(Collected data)
☆ ☆ ☆ ☆ ☆ ☆ ☆
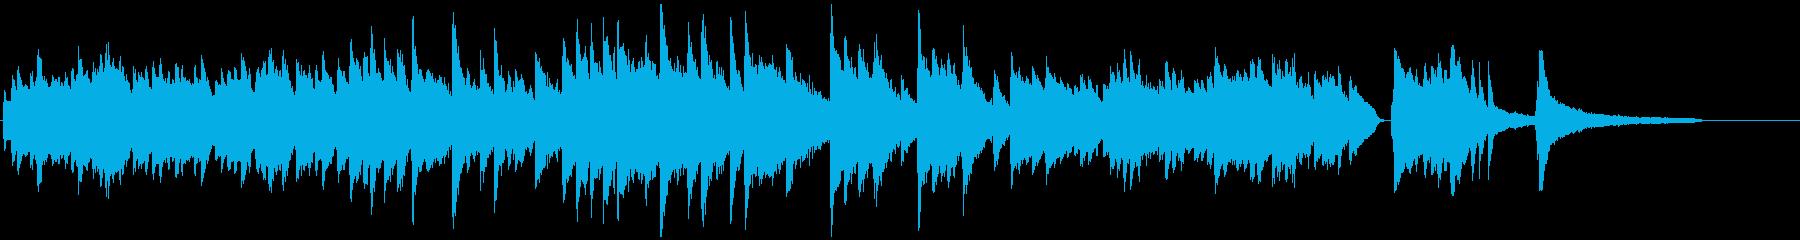 ピアノ・ヒーリング系動画の綺麗なBGMの再生済みの波形
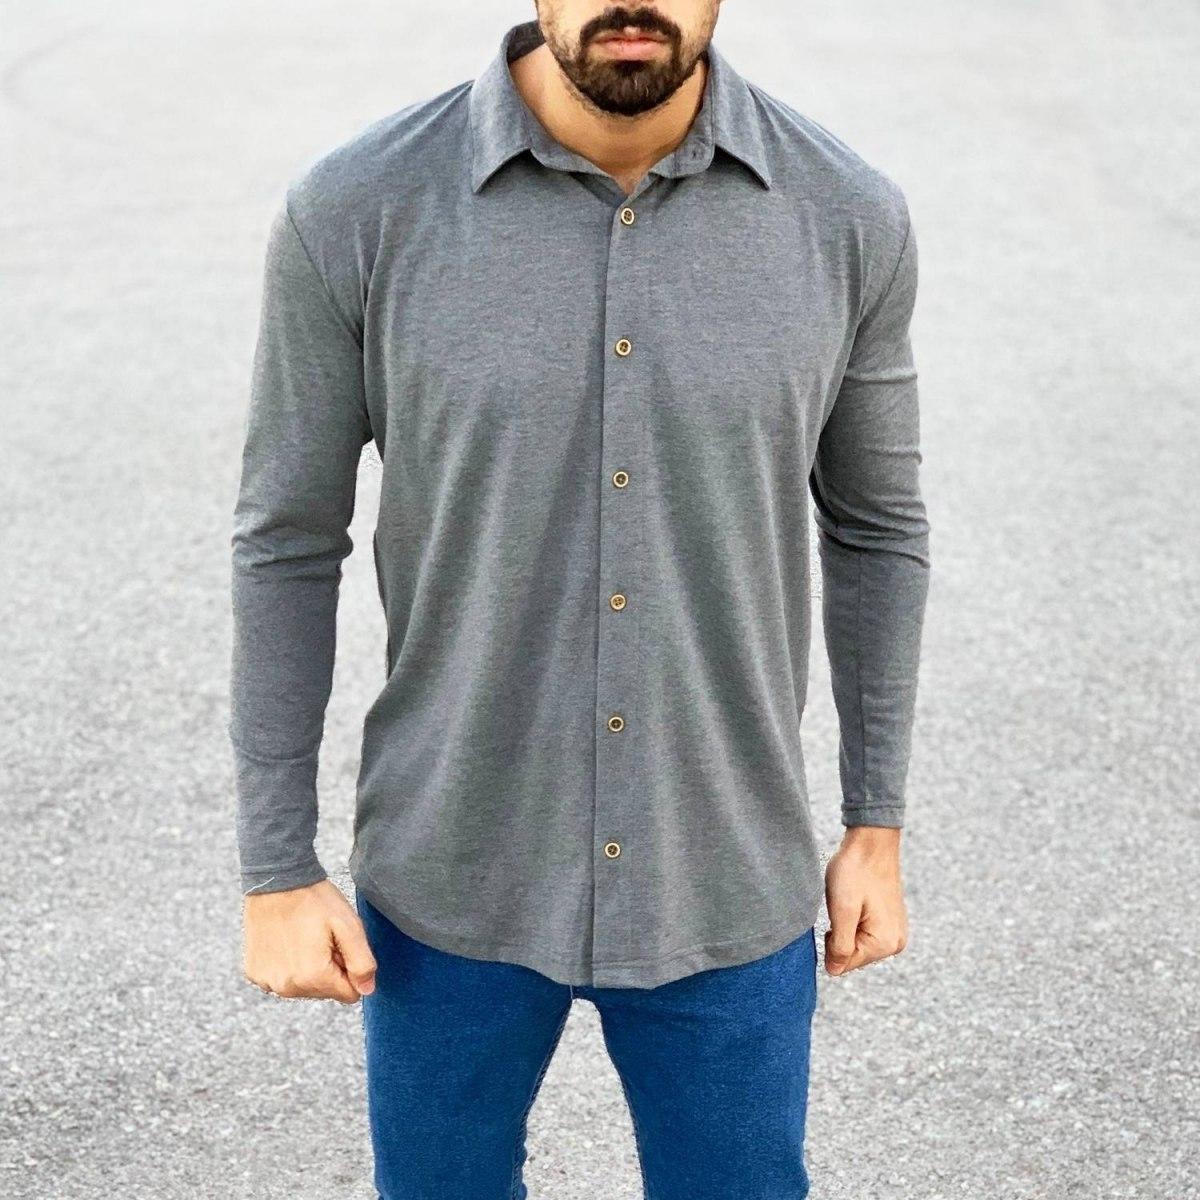 Slim-Fit Button-up Shirt in Grey Mv Premium Brand - 1
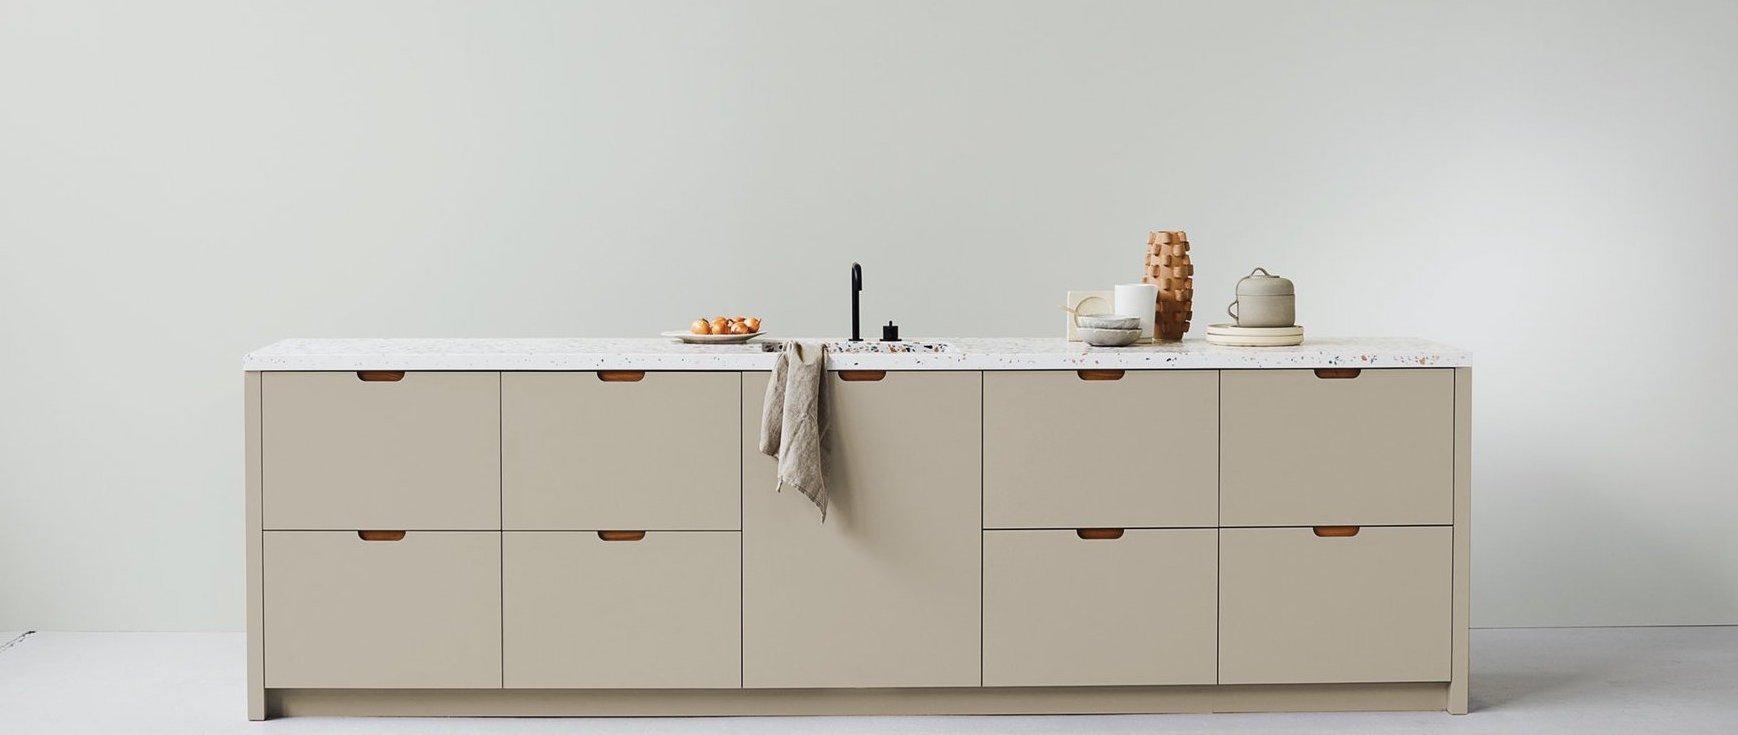 Full Size of Miele Komplettküche Unsere Komplettkche Mit Elektrogerten Kkken We Are Studio Küche Wohnzimmer Miele Komplettküche
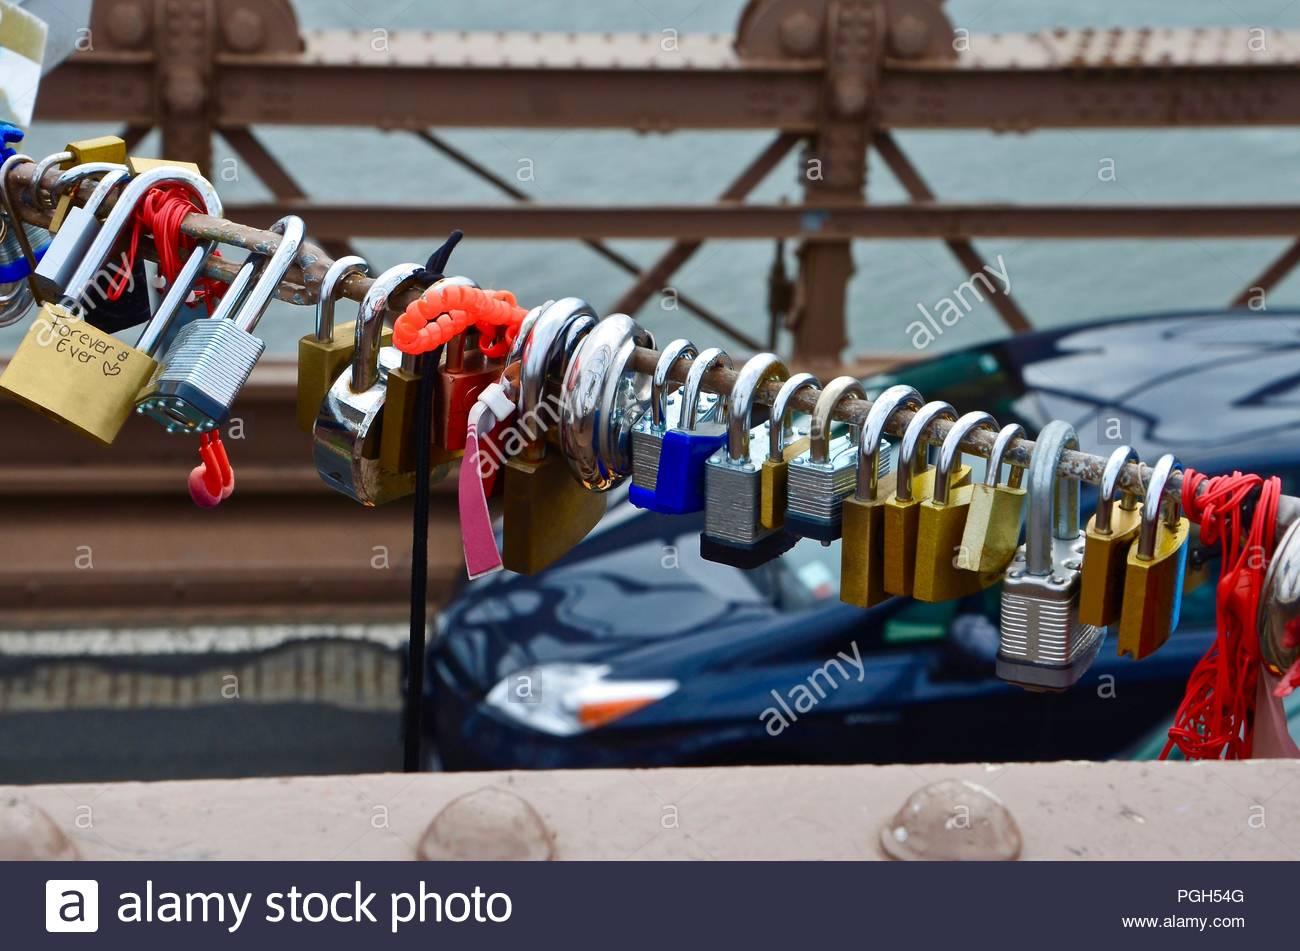 Bunte liebe Schlösser auf einer Brücke in New York City, Liebe, Vermietungen, Paare, Ewigkeit, Architektur, Kultur, Tag, Hudson River, sonnig, TagStockfoto
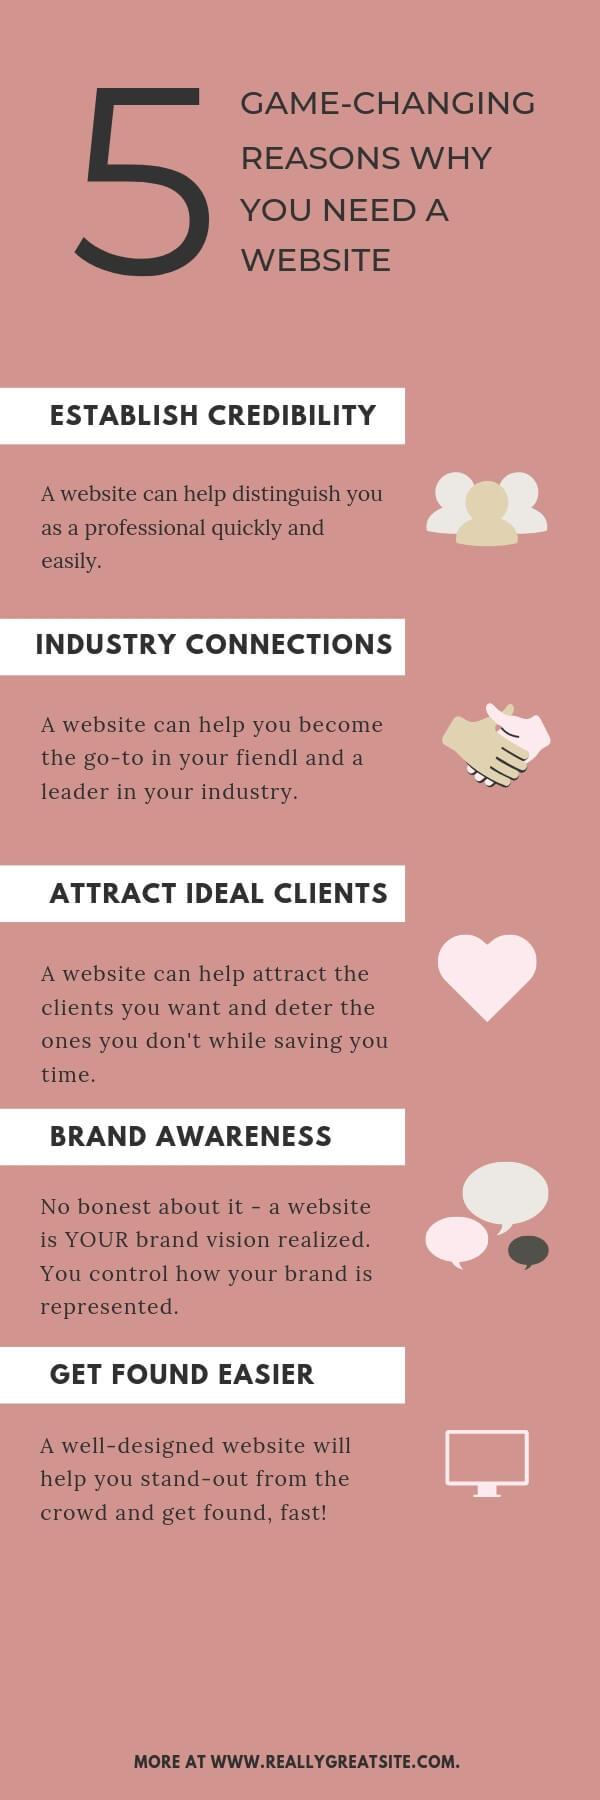 social-media-vs-website-small-business-4.jpg
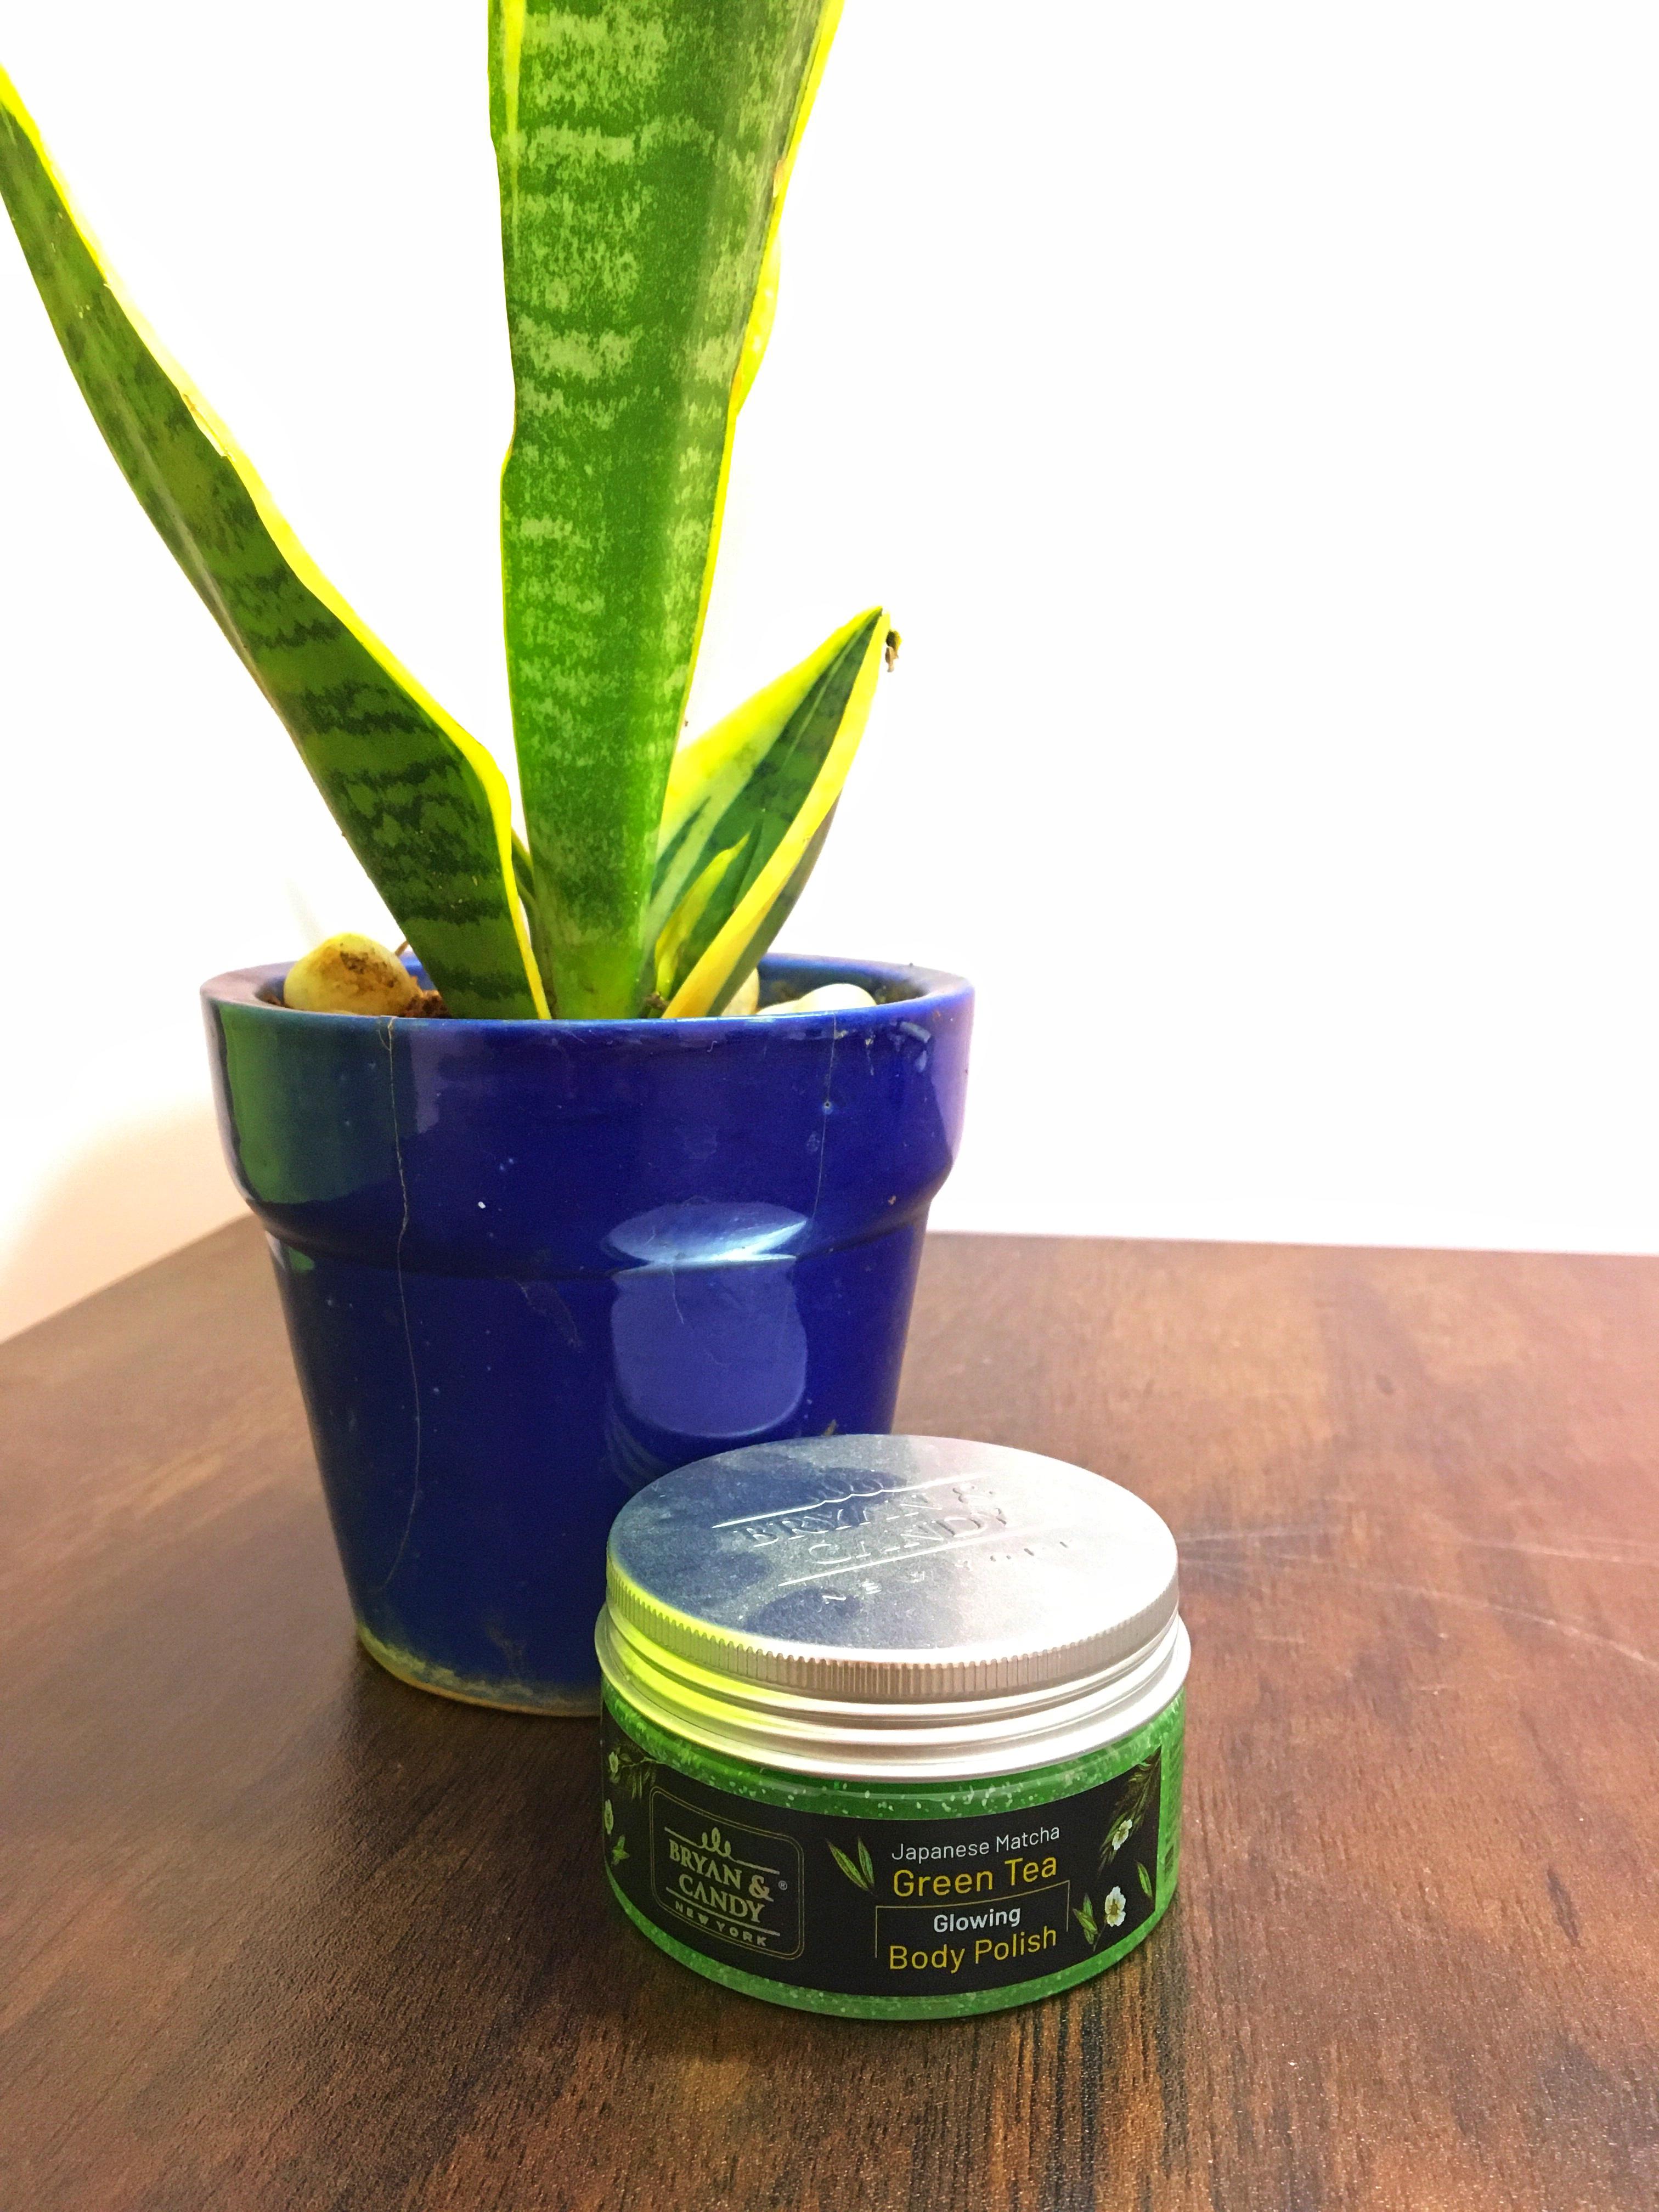 Bryan & Candy New York Green Tea Body Polish-Amazing Body Polish Gel-By anwesha.sarkar9-3
☆ ☆ ☆ ☆ ☆ ☆ ☆
**Exercise prompt**
Which lines run from the one that holds "social-media-vs-website-small-business-4.jpg" to the final line of the records above? Return them exactly, and skip the pictures.

**Output below**
 social-media-vs-website-small-business-4.jpg
 Bryan & Candy New York Green Tea Body Polish-Amazing Body Polish Gel-By anwesha.sarkar9-3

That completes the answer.